15. Multibranch Party.
For purpose of Section 10(c) of the Form Master Agreement: (a) Party A is a
Multibranch Party, and may act through its Charlotte, North Carolina, Chicago,
Illinois, San Francisco, California, New York, New York, Boston, Massachusetts
or London, England Office or such other Office as may be agreed to by the
parties in connection with a Transaction; and (b) Party B is not a Multibranch
Party.
16. Other Provisions.
(a) Addresses for notices. As set forth on page 1 hereof and, with respect
to Party A, the fax no. set forth on the signature page to this letter
agreement.
(b) For the purpose of Section 13(c) of the Form Master Agreement: (i)

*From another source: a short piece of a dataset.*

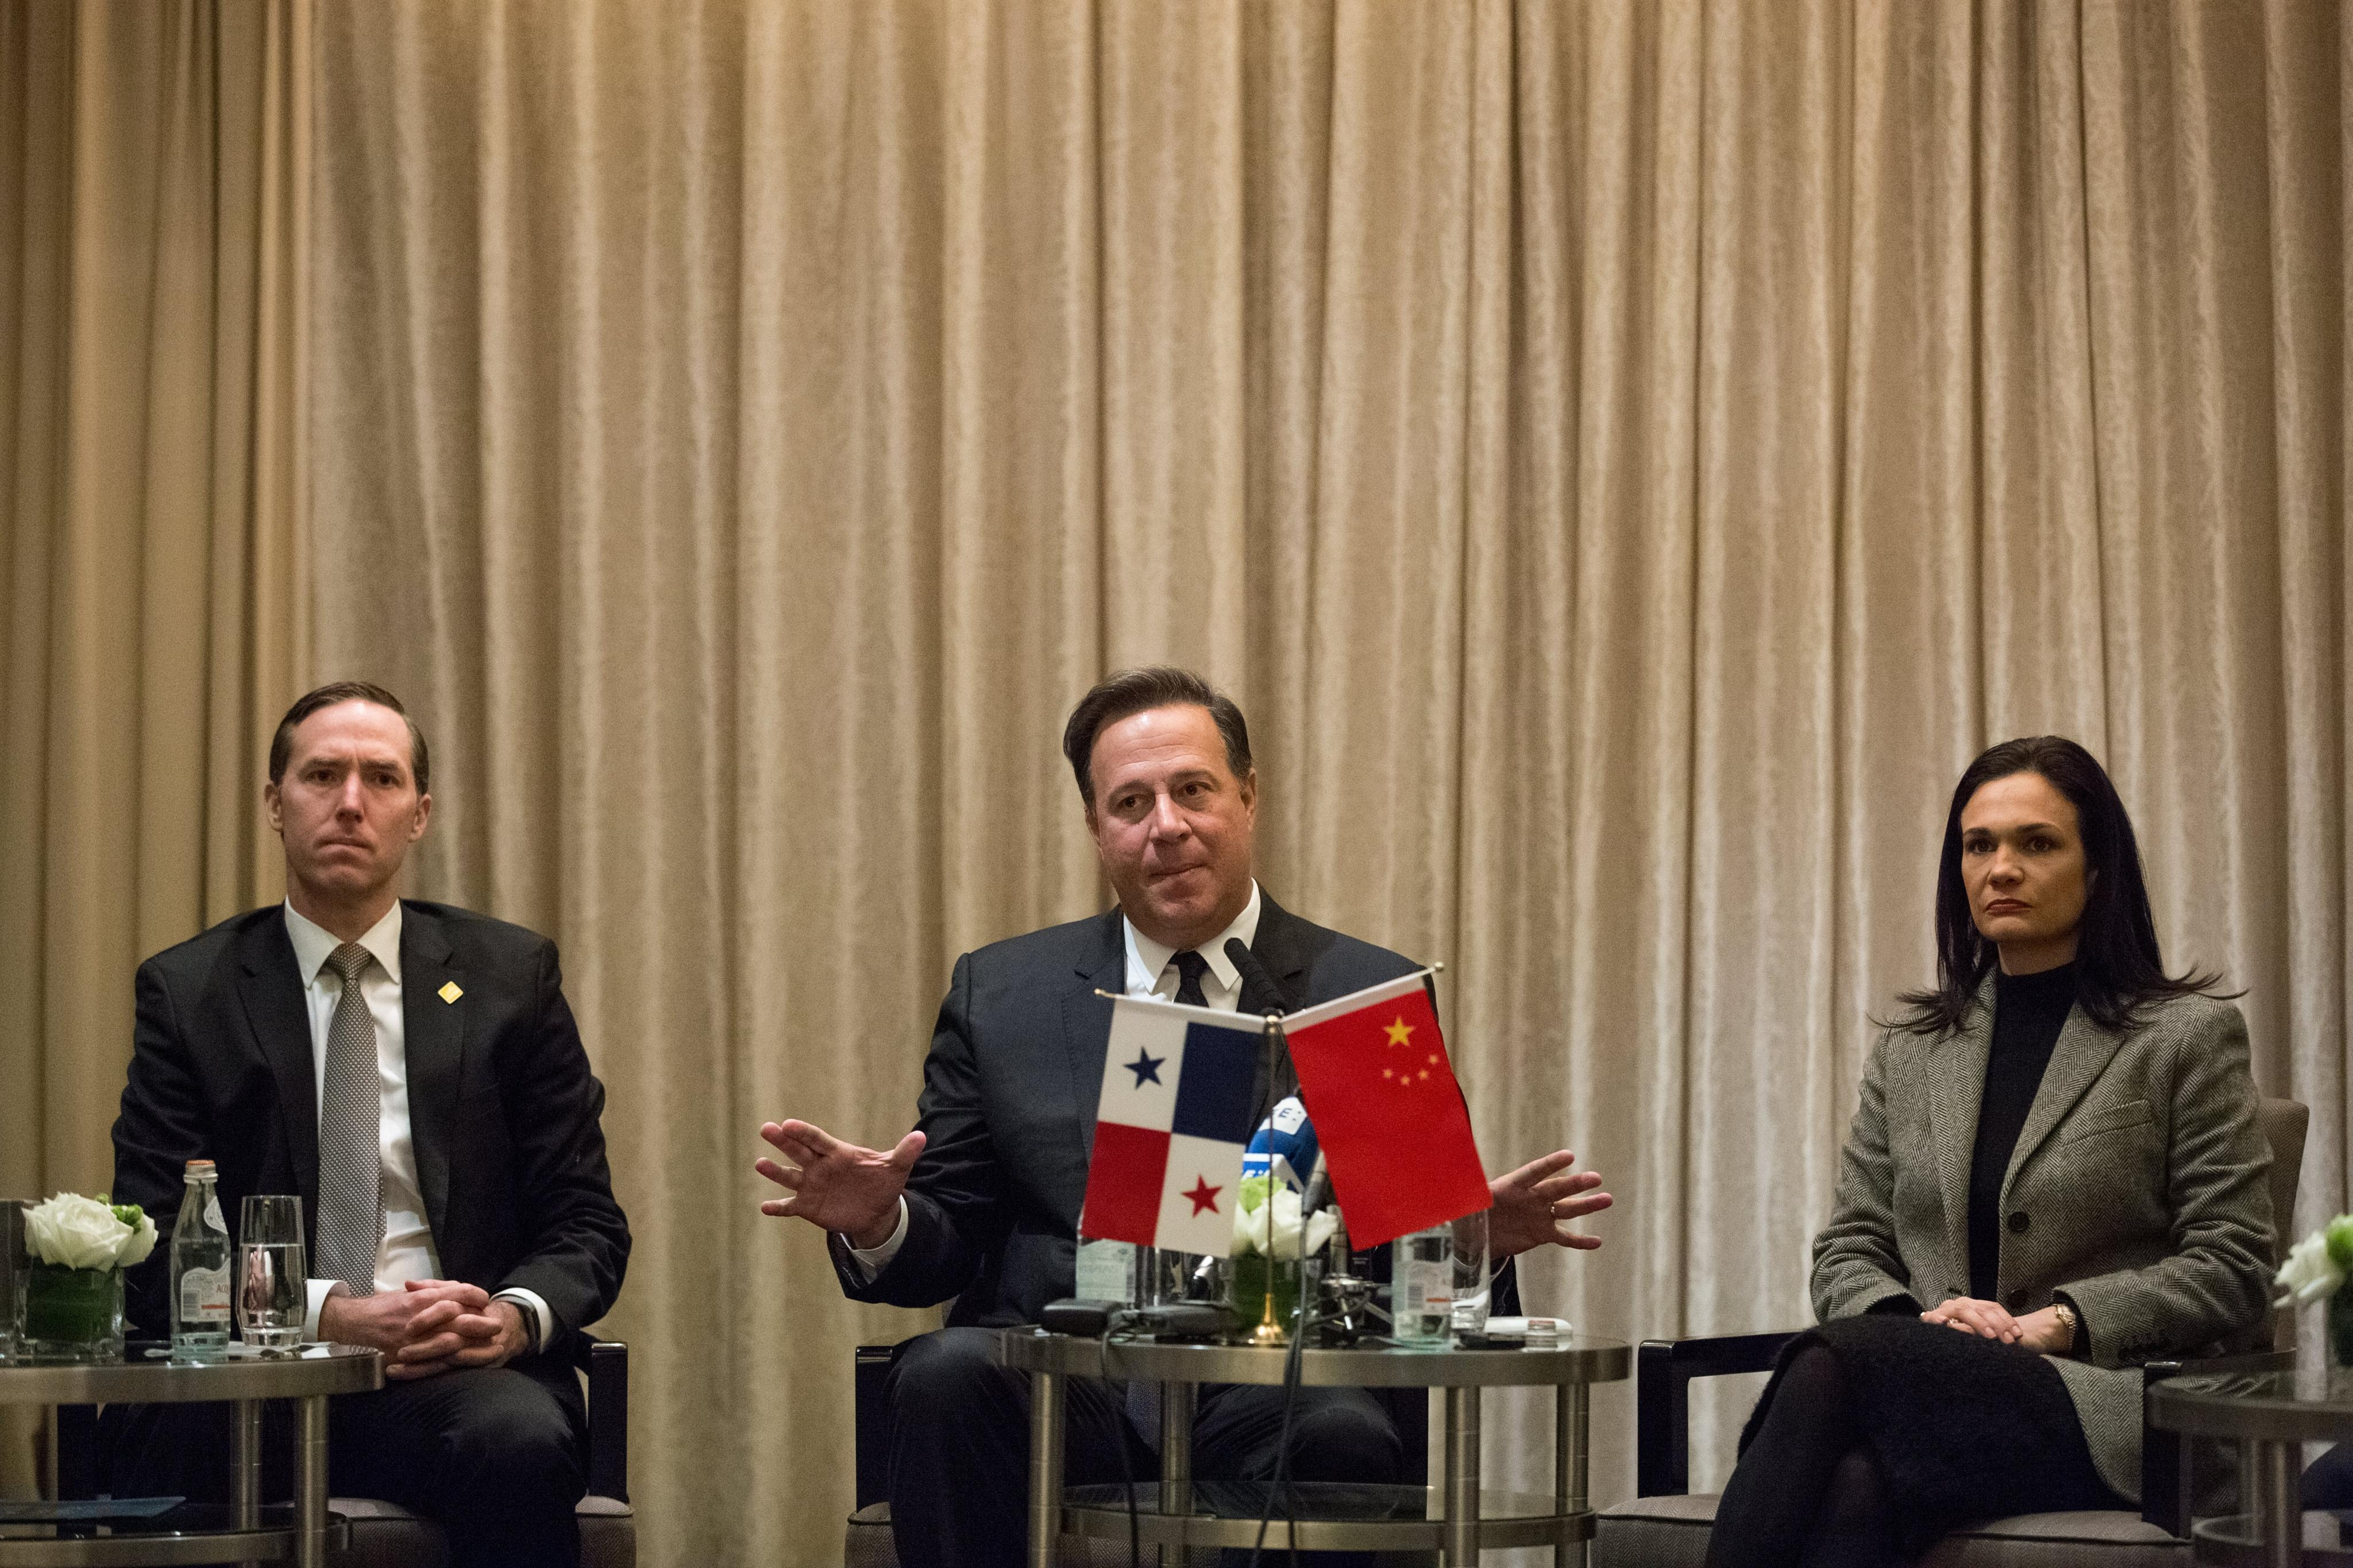 Anuncian vuelos directos de China a Panamá desde marzo de 2018

Party A appoints as its Process Agent, not applicable; and (ii) Party B appoints
as its Process Agent, not applicable.
(c) Section 12(a)(ii) of the Form Master Agreement is deleted in its
entirety.
(d) Party A may assign its rights and obligations hereunder to any entity
so long as the Rating Agency Confirmation is satisfied.

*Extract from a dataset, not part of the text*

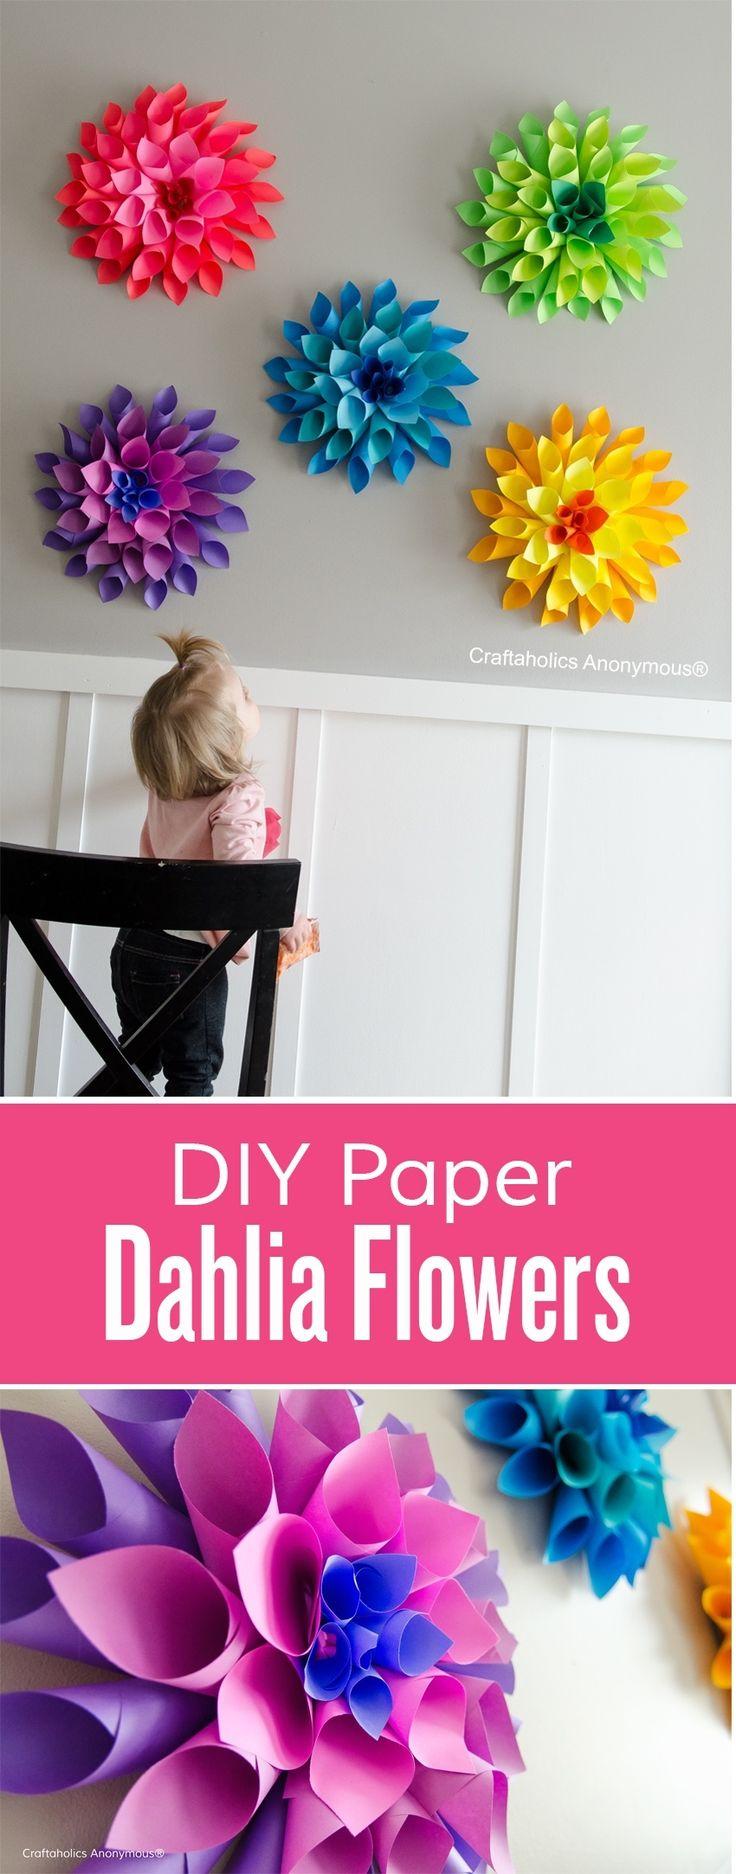 DIY Paper Dahlia Fowers Collage | 19 Simple DIY Wall Decor Ideas

(e) USA PATRIOT Act Notice. Party A hereby notifies Party B that pursuant
to the requirements of the USA Patriot Act (Title III of Pub. L. 107-56 (signed
into law October 26, 2001)) (the "Act"), it is required to obtain, verify and
record information that identifies Party B, which information includes the name
and address of Party B and other information that will allow Party A to identify
Party B in accordance with the Act.
(f) It is expressly understood and agreed by the parties hereto that
insofar as this Confirmation is executed by the Securities Administrator (i)
this Confirmation is executed and delivered by Xxxxx Fargo Bank, N.A., not in
its individual capacity but solely as Securities Administrator under the Pooling
and Servicing Agreement in the exercise of the powers and authority conferred
U-8
upon and vested in it thereunder and pursuant to instructions set forth therein,
(ii) each of the representations, undertakings and agreements herein made on
behalf of the trust formed under the Pooling and Servicing Agreement is made and
intended not as a personal representation, undertaking or agreement of the
Securities Administator but is made and intended solely for the purpose of
binding only Banc of America Funding 2006-7 Trust, and (iii) under no
circumstances shall Xxxxx Fargo Bank, N.A., in its individual capacity be
personally liable for the payment of any indebtedness or expenses or be
personally liable for the breach or failure of any obligation, representation,
warranty or covenant made or undertaken by it on behalf of Banc of America
Funding 2006-7 Trust under this Confirmation. Notwithstanding the foregoing (or
anything to the contrary herein), Xxxxx Fargo Bank, N.A. shall be liable for its
own fraud, negligence, willful misconduct and/or bad faith
(g) The Events of Default specified under Sections 5(a)(ii) - 5(a)(vi) of
the Form Master Agreement will not apply to either Party A or Party B.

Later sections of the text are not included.